FDA Ruled to Not Hold Hearings on Safety of Animal Antibiotic Use

The US Second Circuit Court of Appeals in New York City decreed on Thursday that there is no need for the US Food and Drug Administration to hold hearings pertinent to the safety of feeding antibiotics at sub-therapeutic levels.

The ruling has revoked the previous decision of two district court rulings from a 2012 case initially filed in 2011 by the Natural Resources Defense Council (NRDC), the Center for Science in the Public Interest, Food Animal Concerns Trust, Public Citizen, and the Union of Concerned Scientists.

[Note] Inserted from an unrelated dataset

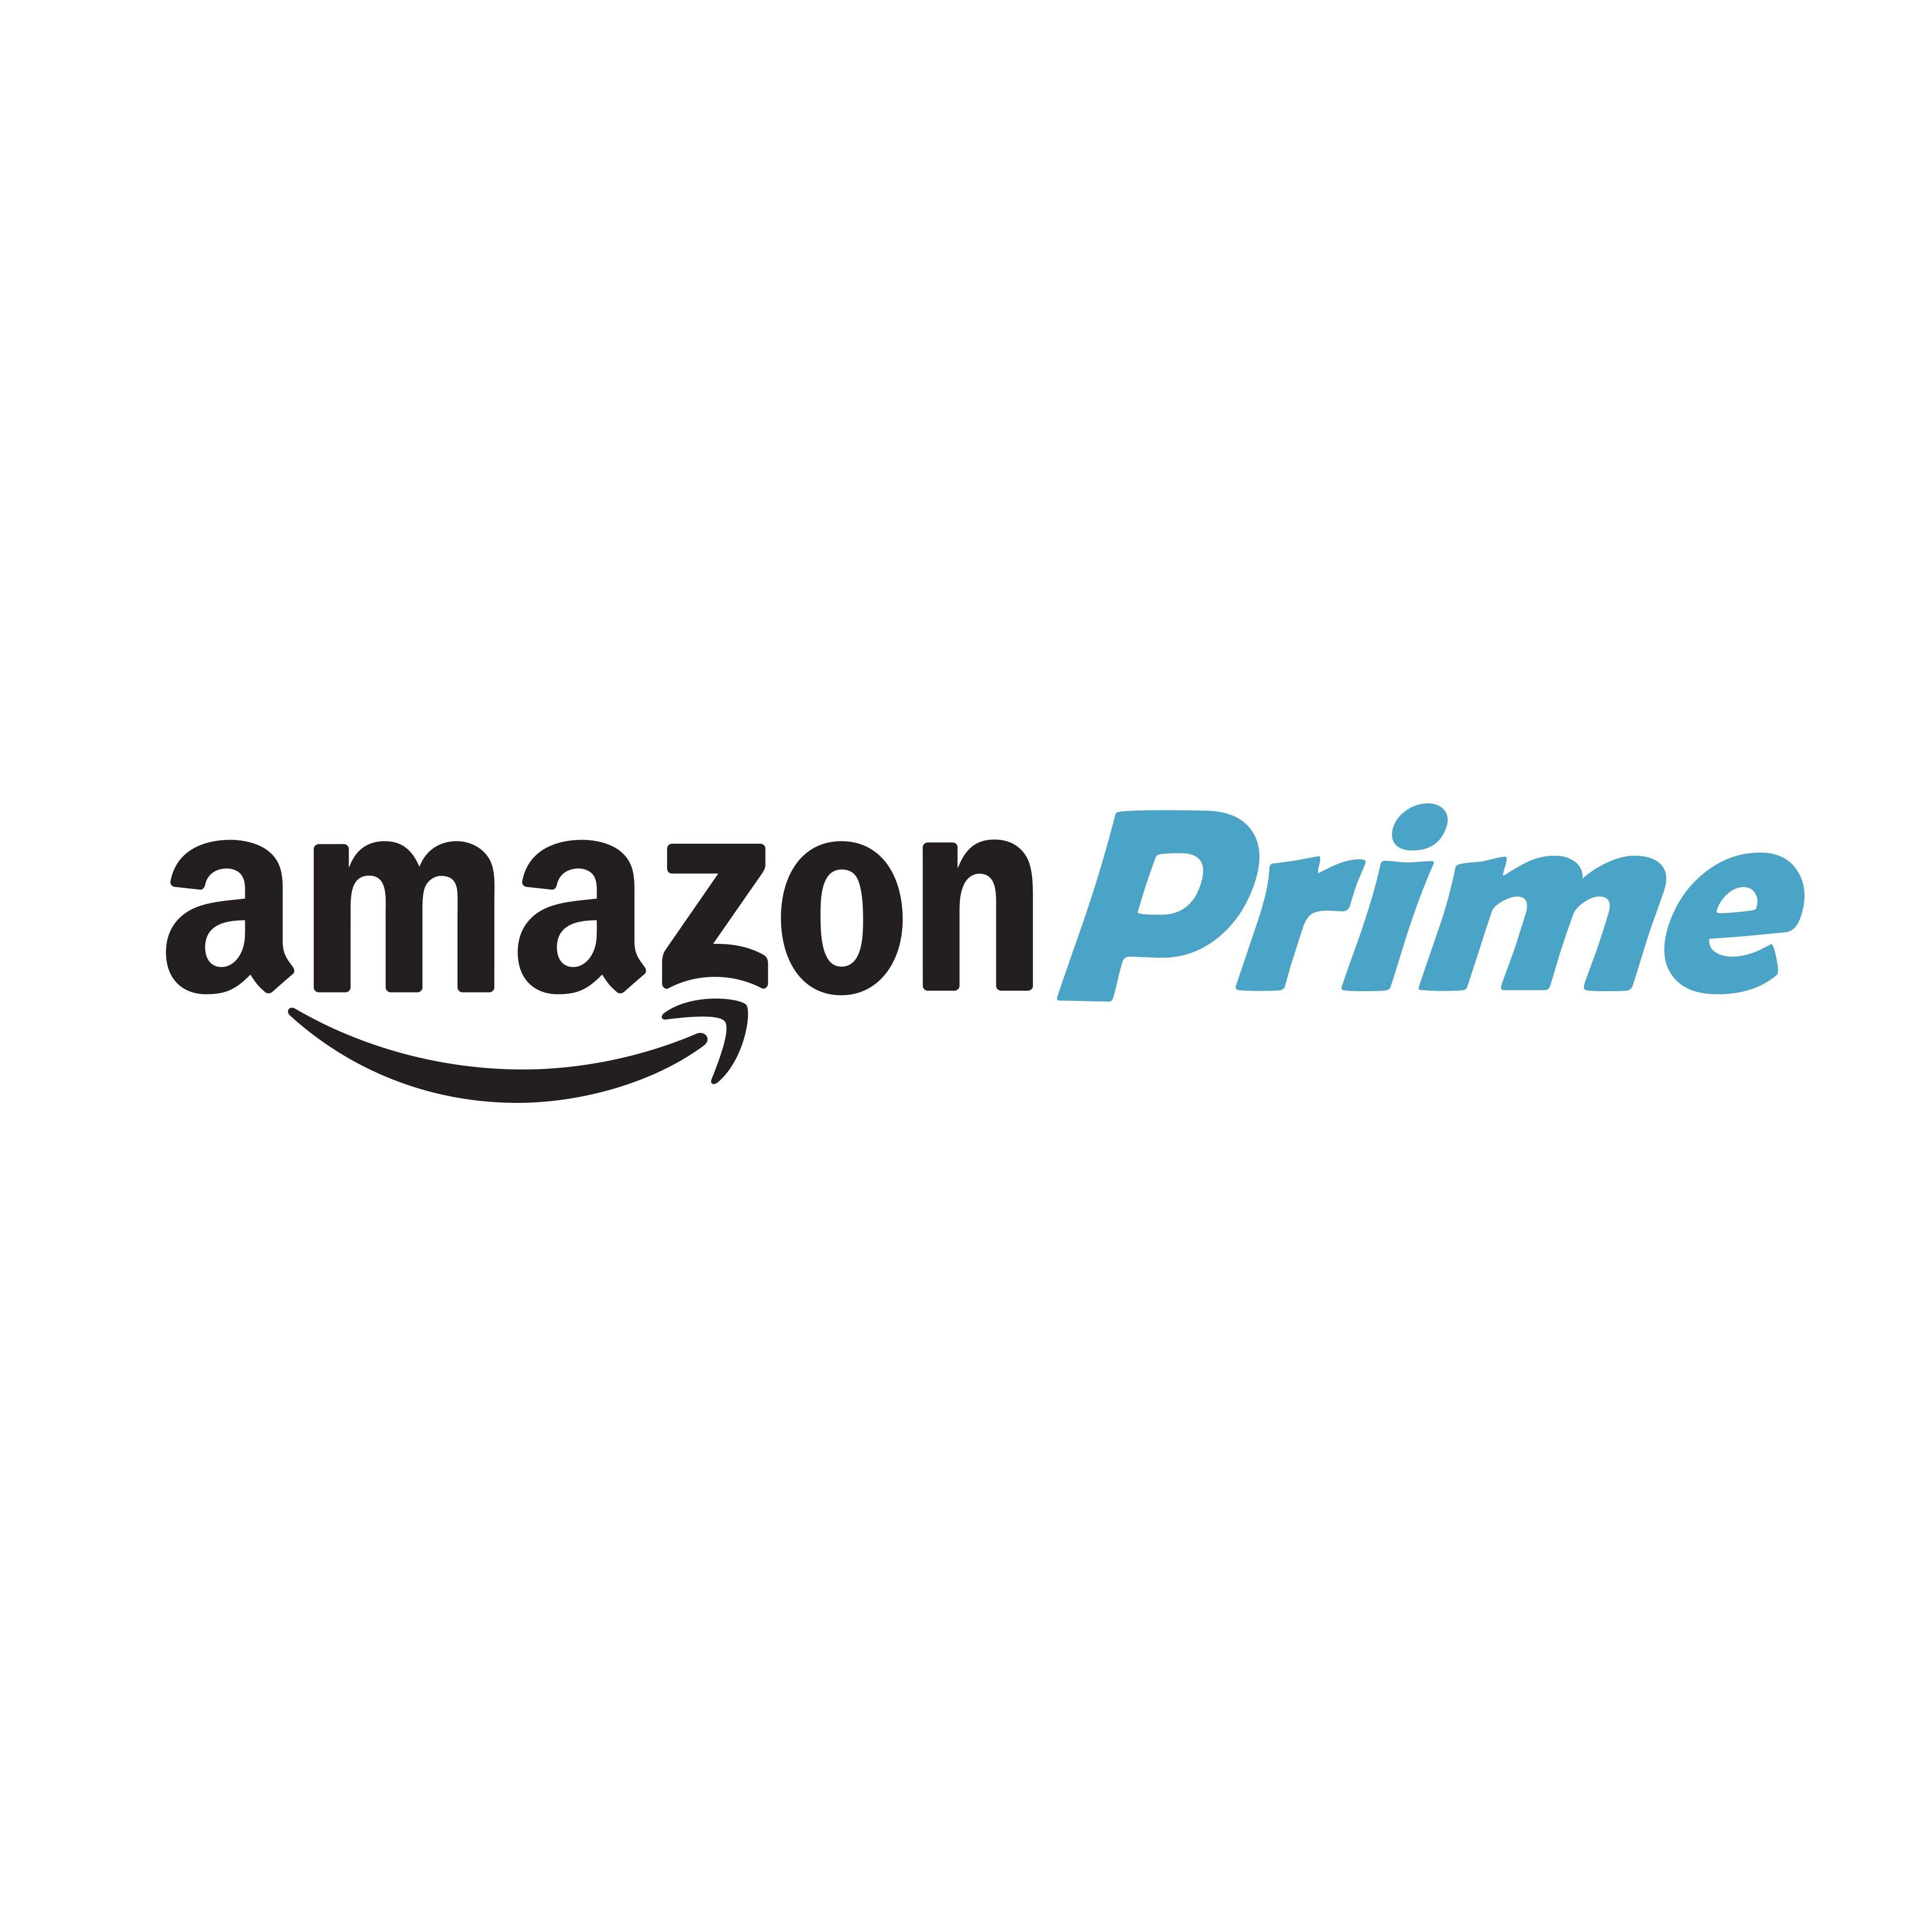 Amazon Shopping App Logo - Amazon Launches the International Shopping Experience in the Amazon ...

The group wants the FDA to hold hearings so that it can determine whether or not approval over the use of penicillin and tetracyclines in animal feed needs to be withdrawn. The agency found in the late 1970s that the subtherapeutic use of the drugs in animal feed raises serious safety concerns. As a result of such hearings, industry would be required to prove that there is no safety risk attached with the use of these drugs.

"If they were not able to do that, then FDA would have to proceed with withdrawing the approvals for those drugs, which would effectively ban those drugs in animals for food production", said Keeve Nachman, a scientist at the Johns Hopkins Center for a Livable Future.

According to NRDC, not providing the right of holding hearings to the FDA means that it will not be able to decide if it is required to ban the practice of feeding antibiotics to healthy animals for safety of human beings.

Mae Wu, an attorney with NRDC's health program, said low-dose, routine use of antibiotics on livestock is leading to development of antibiotic-resistant bacteria. Humans are getting affected as a direct result of that because the antibiotic-resistant bacteria is making its way out of the farm to houses of human beings.